2012’s Nero Award Finalists Announced

Nero Wolfe Award: Do you Detect the Winner?
The Wolfe Pack has announced its shortlist for the annual Nero Wolfe Award, bestowed during its Black Orchid festivities in December. The award was designed to recognize new tales of criminal detection in the spirit of Rex Stout’s eminent and world-famous Nero Wolfe (and his associate Archie Goodwin, of course). This year’s finalists are:

Guilt by Association by Marcia Clark
The Silent Girl by Tess Gerritsen
The House of Silk by Anthony Horowitz
Spiral by Paul McEuen
Though Not Dead by Dana Stabenow
Black Orchid Blues by Persia Walker

Obviously, Persia Walker’s title, not to mention the novel’s era and location in New York City, resonates, but if you’ve read others of these, did you and where did you recognize in them the echoes of Nero Wolfe?

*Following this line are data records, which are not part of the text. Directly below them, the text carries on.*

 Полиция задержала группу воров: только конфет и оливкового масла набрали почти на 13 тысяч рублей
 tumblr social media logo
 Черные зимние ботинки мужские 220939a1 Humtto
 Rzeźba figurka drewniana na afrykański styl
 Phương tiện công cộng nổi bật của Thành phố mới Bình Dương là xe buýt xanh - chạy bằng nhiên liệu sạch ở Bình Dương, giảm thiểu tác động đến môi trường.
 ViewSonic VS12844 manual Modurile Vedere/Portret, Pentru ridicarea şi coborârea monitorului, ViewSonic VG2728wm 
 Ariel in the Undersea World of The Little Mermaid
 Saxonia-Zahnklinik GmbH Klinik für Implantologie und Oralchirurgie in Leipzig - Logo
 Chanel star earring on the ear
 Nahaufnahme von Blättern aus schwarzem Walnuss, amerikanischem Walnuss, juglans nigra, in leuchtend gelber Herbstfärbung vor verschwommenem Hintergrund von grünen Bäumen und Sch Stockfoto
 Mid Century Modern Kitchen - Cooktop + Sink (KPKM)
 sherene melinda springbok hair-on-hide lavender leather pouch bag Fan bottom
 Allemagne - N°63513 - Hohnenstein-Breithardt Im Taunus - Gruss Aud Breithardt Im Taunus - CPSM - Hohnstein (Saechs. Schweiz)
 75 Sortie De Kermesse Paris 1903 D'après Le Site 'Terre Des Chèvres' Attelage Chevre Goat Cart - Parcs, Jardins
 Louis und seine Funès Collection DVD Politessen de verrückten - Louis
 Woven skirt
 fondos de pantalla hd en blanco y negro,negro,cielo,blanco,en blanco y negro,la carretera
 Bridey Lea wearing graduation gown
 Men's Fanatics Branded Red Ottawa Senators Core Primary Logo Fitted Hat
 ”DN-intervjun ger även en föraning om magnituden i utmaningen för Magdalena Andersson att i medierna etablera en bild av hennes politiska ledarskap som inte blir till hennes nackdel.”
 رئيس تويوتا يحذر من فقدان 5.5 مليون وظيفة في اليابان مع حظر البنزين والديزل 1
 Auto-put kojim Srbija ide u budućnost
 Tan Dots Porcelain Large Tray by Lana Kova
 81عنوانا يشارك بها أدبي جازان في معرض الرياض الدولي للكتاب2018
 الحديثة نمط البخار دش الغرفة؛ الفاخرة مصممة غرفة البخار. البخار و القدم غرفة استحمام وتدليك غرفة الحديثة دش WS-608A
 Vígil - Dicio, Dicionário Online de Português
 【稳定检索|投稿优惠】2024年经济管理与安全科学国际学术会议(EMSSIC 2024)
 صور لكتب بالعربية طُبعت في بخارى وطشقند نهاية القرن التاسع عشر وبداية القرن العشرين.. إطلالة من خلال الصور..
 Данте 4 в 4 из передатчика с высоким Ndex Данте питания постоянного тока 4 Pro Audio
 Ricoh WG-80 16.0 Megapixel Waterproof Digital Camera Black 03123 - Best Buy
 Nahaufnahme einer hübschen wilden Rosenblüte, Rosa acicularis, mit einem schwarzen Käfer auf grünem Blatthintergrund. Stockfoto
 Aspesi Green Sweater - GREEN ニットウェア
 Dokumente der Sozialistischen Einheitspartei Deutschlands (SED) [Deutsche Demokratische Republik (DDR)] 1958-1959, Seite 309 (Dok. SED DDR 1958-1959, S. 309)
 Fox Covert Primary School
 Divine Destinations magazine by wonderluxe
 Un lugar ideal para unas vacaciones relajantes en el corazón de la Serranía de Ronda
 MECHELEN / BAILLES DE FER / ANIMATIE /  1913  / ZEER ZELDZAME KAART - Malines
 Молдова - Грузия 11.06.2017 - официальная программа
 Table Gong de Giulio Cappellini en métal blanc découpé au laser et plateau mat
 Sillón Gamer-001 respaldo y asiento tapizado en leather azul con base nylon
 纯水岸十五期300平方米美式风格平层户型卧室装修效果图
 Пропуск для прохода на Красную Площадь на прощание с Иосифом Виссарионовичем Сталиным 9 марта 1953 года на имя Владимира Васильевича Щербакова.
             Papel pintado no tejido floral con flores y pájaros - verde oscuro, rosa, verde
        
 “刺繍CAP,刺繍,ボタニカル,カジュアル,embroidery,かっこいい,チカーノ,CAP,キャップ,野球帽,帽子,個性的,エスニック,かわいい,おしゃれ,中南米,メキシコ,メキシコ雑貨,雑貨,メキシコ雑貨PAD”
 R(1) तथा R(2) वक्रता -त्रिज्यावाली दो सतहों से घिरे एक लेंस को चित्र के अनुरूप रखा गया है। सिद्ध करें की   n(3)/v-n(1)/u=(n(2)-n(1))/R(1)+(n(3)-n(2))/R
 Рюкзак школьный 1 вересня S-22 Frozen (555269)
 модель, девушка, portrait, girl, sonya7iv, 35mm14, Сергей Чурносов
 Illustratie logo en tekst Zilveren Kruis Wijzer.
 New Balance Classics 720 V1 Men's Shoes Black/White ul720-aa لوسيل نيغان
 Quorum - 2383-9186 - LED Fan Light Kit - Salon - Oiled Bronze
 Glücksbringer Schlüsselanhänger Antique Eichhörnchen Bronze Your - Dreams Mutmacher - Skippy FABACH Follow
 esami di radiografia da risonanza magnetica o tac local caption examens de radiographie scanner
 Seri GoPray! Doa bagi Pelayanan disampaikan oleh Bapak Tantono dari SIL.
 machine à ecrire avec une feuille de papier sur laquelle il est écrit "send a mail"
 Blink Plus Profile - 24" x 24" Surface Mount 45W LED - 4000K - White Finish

Hat tip: Mystery Fanfare, with image via Joseph Teller, whose unaltered image proves he won his with engraved nameplate and everything.

Comments

  1. joseph guglielmelli

    The House of Silk by Anthony Horowitz is a Holmes pastiche from the creator of Foyle’s War. Years ago I read Nero Wolfe of West 35th Street, a “biography”. If I remember correctly, the author suggests that Wolfe is in fact the son of Holmes, fathered during those lost years after his “death”. So it would seem appropriate that a tale of the father be nominated for an award named after the son.

    Besides, wasn’t it the genius of Stout to tell classic puzzle detective stories of Doyle in the American idiom of Hammett and Chandler?